» About this task:
If a line in the data below holds the word "Vintage", copy it.

====== Exercise data ======

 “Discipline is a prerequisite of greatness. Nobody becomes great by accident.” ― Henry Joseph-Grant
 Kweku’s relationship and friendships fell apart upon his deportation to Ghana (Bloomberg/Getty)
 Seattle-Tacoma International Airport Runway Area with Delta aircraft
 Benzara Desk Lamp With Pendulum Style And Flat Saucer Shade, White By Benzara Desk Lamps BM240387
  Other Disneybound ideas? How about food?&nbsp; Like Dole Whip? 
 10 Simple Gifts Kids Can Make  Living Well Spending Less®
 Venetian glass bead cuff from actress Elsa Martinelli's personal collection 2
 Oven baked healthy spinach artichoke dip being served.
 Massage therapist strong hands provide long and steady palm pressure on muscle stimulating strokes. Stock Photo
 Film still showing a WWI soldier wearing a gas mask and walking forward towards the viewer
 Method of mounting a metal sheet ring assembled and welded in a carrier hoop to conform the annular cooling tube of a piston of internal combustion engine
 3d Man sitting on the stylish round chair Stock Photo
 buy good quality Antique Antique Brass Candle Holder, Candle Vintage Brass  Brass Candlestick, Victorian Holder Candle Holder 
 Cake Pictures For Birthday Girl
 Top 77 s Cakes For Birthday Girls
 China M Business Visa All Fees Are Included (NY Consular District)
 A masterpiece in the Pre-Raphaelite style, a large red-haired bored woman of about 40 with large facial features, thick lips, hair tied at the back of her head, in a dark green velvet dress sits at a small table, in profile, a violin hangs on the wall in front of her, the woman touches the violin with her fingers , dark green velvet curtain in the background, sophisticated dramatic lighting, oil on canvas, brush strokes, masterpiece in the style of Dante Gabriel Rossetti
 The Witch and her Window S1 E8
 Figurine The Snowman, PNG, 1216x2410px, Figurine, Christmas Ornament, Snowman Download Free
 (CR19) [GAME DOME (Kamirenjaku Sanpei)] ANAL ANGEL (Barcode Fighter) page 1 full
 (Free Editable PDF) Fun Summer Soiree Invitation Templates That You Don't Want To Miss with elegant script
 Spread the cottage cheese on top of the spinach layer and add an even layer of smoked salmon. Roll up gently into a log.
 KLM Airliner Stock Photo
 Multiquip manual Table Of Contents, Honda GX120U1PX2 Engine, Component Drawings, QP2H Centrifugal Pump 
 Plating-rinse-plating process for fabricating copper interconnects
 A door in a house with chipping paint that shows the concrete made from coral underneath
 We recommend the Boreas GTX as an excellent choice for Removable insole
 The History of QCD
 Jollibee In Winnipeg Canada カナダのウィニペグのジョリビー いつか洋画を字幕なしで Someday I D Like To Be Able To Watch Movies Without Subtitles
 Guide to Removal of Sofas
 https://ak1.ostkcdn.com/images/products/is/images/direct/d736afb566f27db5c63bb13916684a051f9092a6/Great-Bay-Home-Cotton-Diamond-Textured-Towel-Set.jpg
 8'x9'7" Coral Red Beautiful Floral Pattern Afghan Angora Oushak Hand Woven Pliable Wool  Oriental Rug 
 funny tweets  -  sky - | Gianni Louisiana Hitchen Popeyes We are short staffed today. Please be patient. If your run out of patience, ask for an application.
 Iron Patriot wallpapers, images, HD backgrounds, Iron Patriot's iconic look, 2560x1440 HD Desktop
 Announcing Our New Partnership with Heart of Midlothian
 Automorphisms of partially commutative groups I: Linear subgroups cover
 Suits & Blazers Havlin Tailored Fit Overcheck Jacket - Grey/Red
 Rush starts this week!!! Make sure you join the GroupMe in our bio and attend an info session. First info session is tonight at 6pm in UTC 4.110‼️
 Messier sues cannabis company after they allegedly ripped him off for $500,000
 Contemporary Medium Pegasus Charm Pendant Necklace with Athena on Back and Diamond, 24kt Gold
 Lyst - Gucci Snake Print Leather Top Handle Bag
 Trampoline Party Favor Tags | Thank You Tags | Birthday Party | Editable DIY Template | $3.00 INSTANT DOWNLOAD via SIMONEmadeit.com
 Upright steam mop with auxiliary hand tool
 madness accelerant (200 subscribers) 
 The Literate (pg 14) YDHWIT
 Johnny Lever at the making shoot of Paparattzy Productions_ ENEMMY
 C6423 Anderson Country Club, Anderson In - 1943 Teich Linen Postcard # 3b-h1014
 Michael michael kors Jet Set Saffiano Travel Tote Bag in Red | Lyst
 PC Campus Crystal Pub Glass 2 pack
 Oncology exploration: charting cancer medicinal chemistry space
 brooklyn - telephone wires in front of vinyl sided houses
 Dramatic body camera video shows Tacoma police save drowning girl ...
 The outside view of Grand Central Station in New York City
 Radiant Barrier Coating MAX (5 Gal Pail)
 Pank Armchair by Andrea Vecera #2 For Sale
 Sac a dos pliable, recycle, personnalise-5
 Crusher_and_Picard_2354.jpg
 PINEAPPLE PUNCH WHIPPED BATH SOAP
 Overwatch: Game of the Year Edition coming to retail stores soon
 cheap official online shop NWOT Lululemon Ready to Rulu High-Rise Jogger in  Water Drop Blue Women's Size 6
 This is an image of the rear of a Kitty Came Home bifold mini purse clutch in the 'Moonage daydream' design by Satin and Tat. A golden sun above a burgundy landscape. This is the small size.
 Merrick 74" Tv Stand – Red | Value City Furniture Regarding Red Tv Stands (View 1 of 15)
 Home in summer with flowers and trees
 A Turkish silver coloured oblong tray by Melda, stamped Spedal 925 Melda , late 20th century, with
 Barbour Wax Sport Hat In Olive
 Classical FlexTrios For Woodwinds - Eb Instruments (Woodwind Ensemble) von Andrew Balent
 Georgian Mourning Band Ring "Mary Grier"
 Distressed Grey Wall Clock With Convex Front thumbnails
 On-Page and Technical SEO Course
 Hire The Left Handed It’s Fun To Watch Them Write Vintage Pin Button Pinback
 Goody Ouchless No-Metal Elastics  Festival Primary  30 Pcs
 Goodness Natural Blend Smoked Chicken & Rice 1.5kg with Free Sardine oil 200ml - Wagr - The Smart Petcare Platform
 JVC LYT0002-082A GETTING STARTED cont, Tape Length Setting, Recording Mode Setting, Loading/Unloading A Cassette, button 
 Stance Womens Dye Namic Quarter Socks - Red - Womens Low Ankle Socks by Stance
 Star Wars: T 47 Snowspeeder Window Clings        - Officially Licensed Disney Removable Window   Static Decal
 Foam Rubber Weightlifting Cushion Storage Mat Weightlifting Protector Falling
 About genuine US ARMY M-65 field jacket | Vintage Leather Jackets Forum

======

» Task result:
 buy good quality Antique Antique Brass Candle Holder, Candle Vintage Brass  Brass Candlestick, Victorian Holder Candle Holder 
 Hire The Left Handed It’s Fun To Watch Them Write Vintage Pin Button Pinback
 About genuine US ARMY M-65 field jacket | Vintage Leather Jackets Forum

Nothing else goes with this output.